Zweig: My family is of mixed backgrounds; my father’s side of the family is Jewish, but my mother’s is not. I grew up with the vague notion that I was someone who could call themself a Jew, but for the most part I did not go out of my way to connect with that aspect of my identity. When someone asks me about my family, I usually take that to mean just my parents because I have not in my life had particularly strong relationships with other members of my family whether they be Jewish or not. Yet the story of my grandfather, a practicing Jew who fled to the US from Germany, always stuck with me and my family has encouraged me to connect more with my Jewishness in recent years. Going into college, my parents’ encouragement was definitely part of what made me want to reach out to the Jewish aspect of my background more than I have in my life before.

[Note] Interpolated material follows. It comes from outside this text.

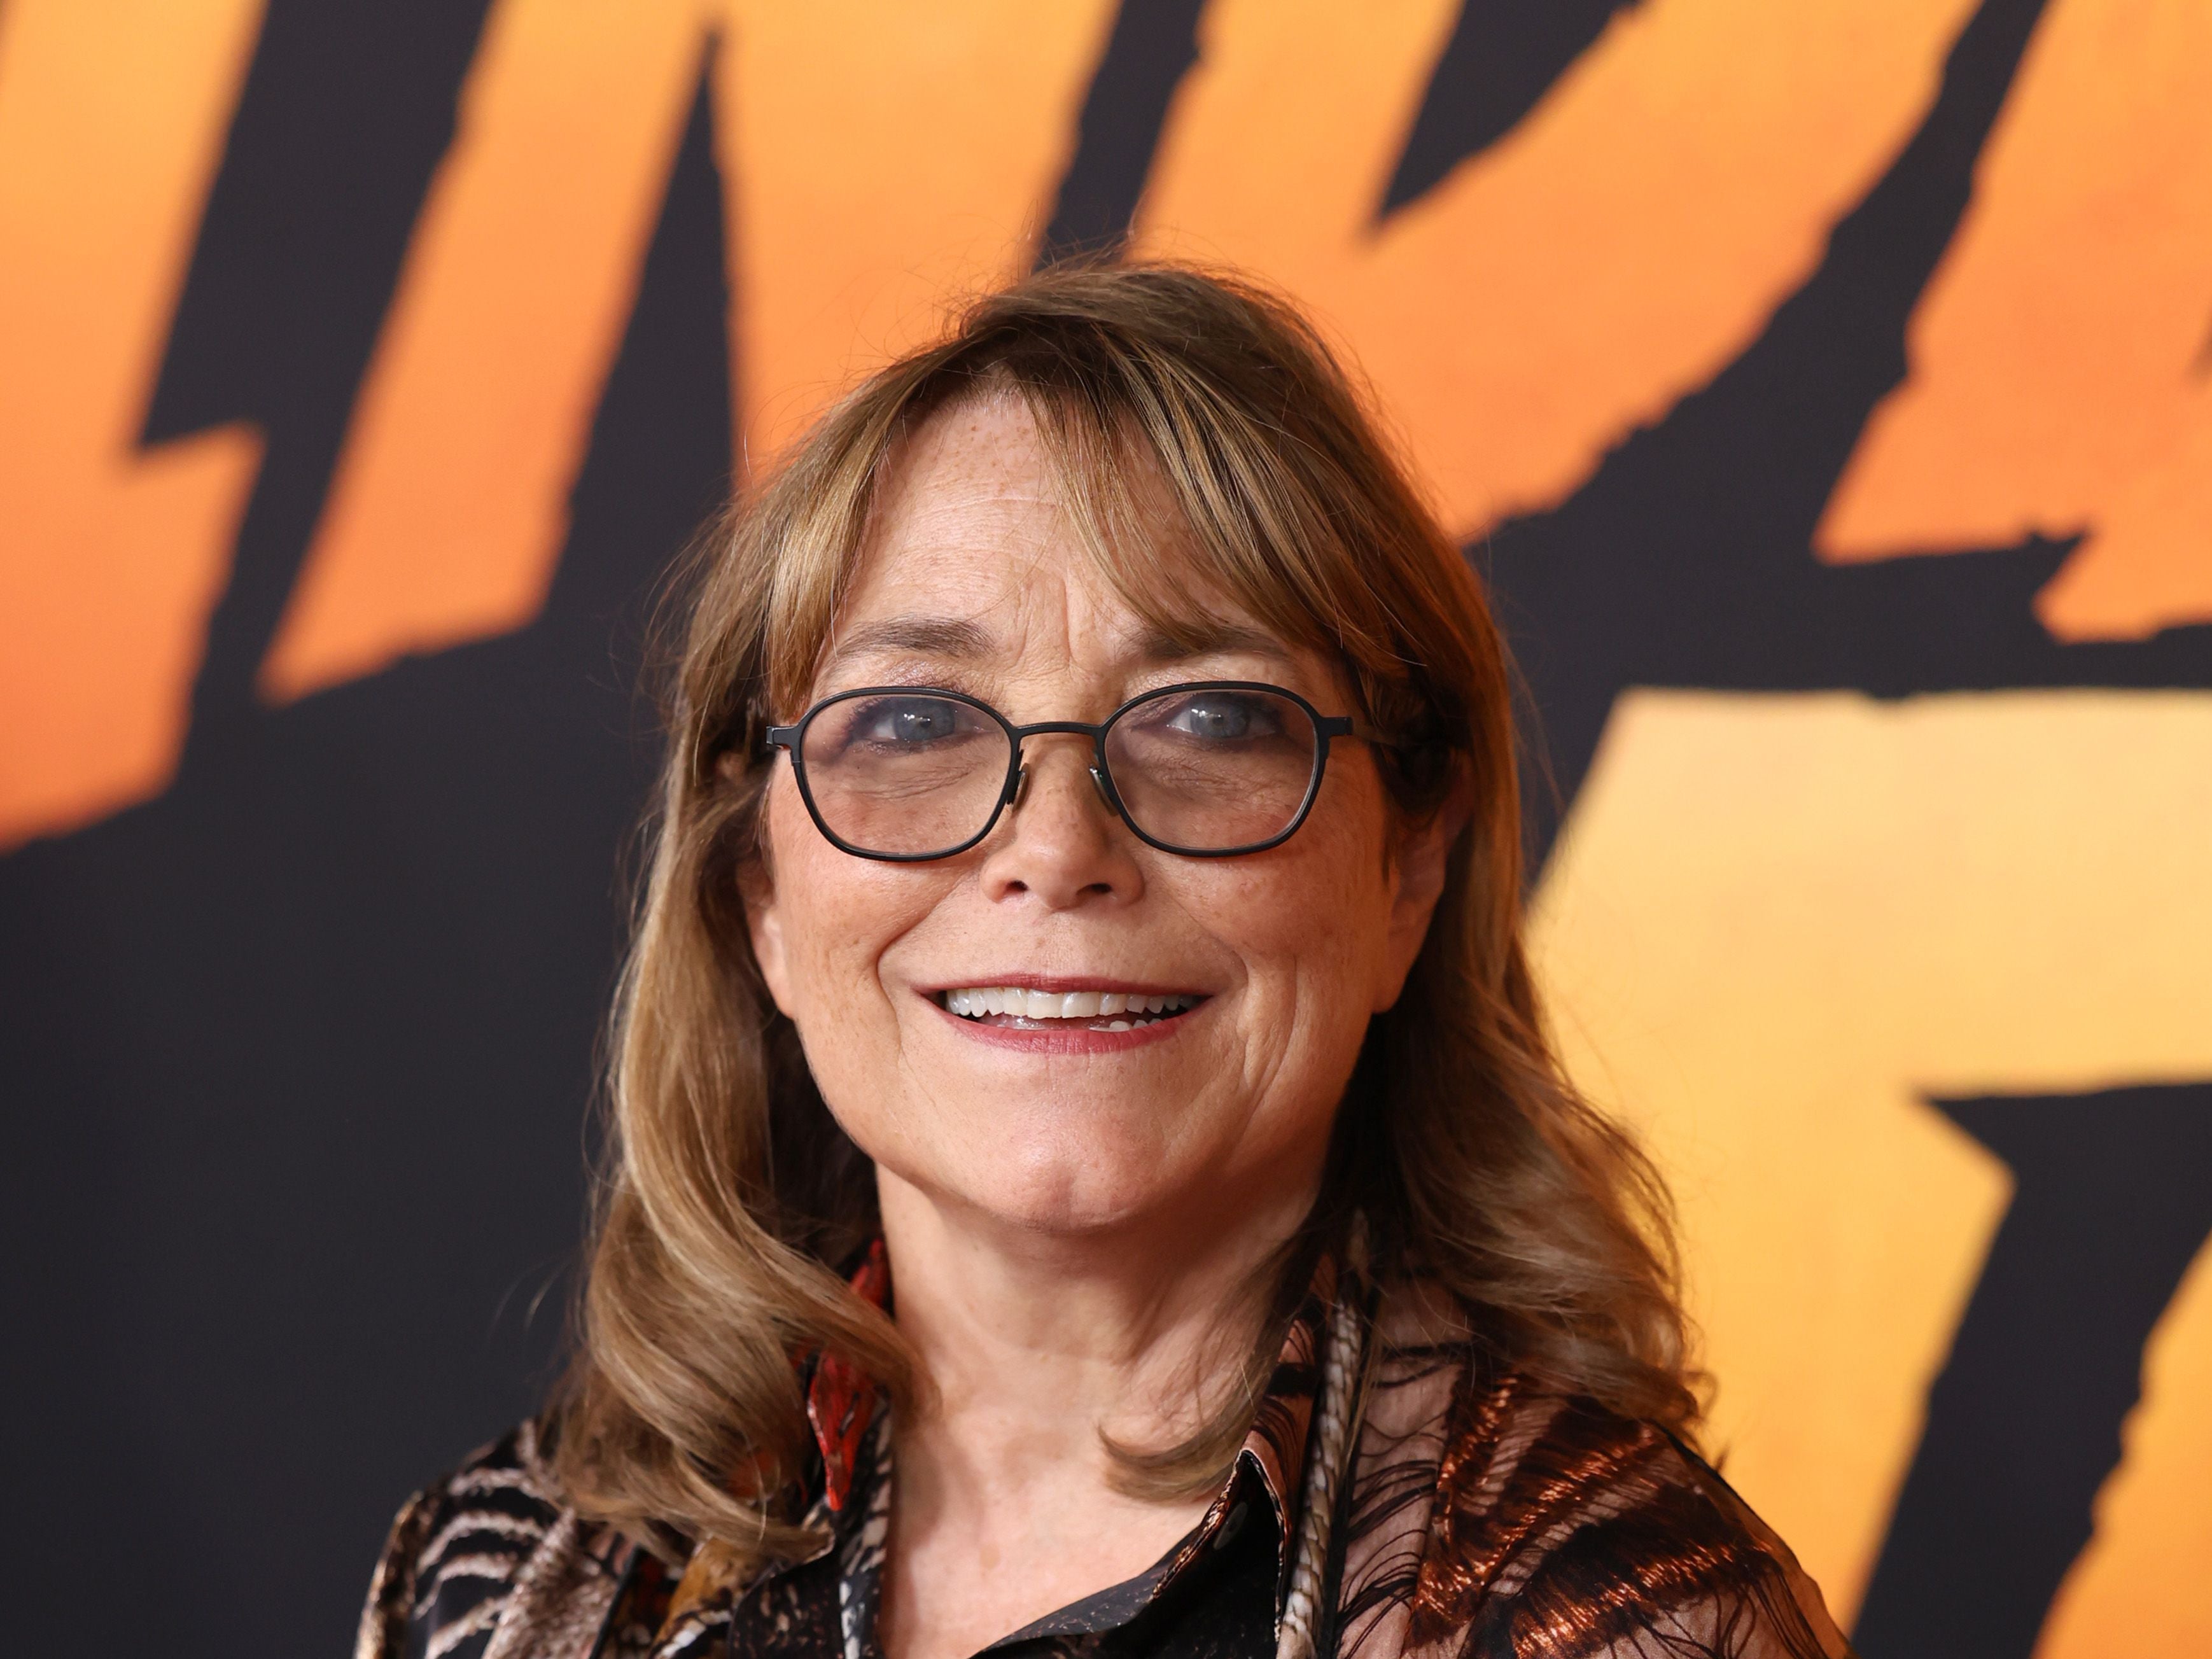 Karen Allen attends the Indiana Jones and the Dial of Destiny U.S. Premiere at the Dolby Theatre in Hollywood, California on June 14, 2023.

Harrison: Why have you chosen SJSU and particularly the department of Philosophy as your place of learning?
Zweig: I chose to major in philosophy because it seemed like a fairly open major. Philosophy students are not expected to take a great deal of prescribed course requirements, and philosophy was a subject that I supposed I had some vague interest in, so that was what I put down when applying to college. These are fairly trivial reasons, but I did not enter college with a strong sense of what academic/career pathway I wanted to pursue and philosophy just seemed like a reasonably non-intrusive yet intriguing topic to choose. It was only after choosing to major in philosophy that I was reminded that my grandfather was a philosophy professor himself. It seems that I unintentionally followed in his footsteps, and I hope studying philosophy will assist me in discovering the direction I want to take my life in and beyond college that I did not initially have while enrolling.
Harrison: Choose a particular class you've taken in your first year here, and let me know how it's impacted you already?
Zweig: The class with the clearest connection to Jewishness that I’m taking this semester is of course Professor Perreira’s class on death and dying. Being able to observe Jewish tradition from a primary-source standpoint by reading and analyzing the Torah let me feel like I was digging deeper into what it might mean to be Jewish in a way that I had never experienced before. There is also Professor Aleksander’s class on ancient philosophy, which has partly focused on Jewish perspectives (particularly that of Maimonides) on philosophy. Reading about ethics, virtue, and religion under a philosophic lens as they pertain to Judaism in this class was another impactful opportunity that allowed me to broaden the horizons of my understanding of Jewish culture, thought, and people. Realizing the fairly significant overlap between these two classes was a particular point of interest, and observing how their content intersected at times made me feel like I was being informed about Jewishness from many different viewpoints.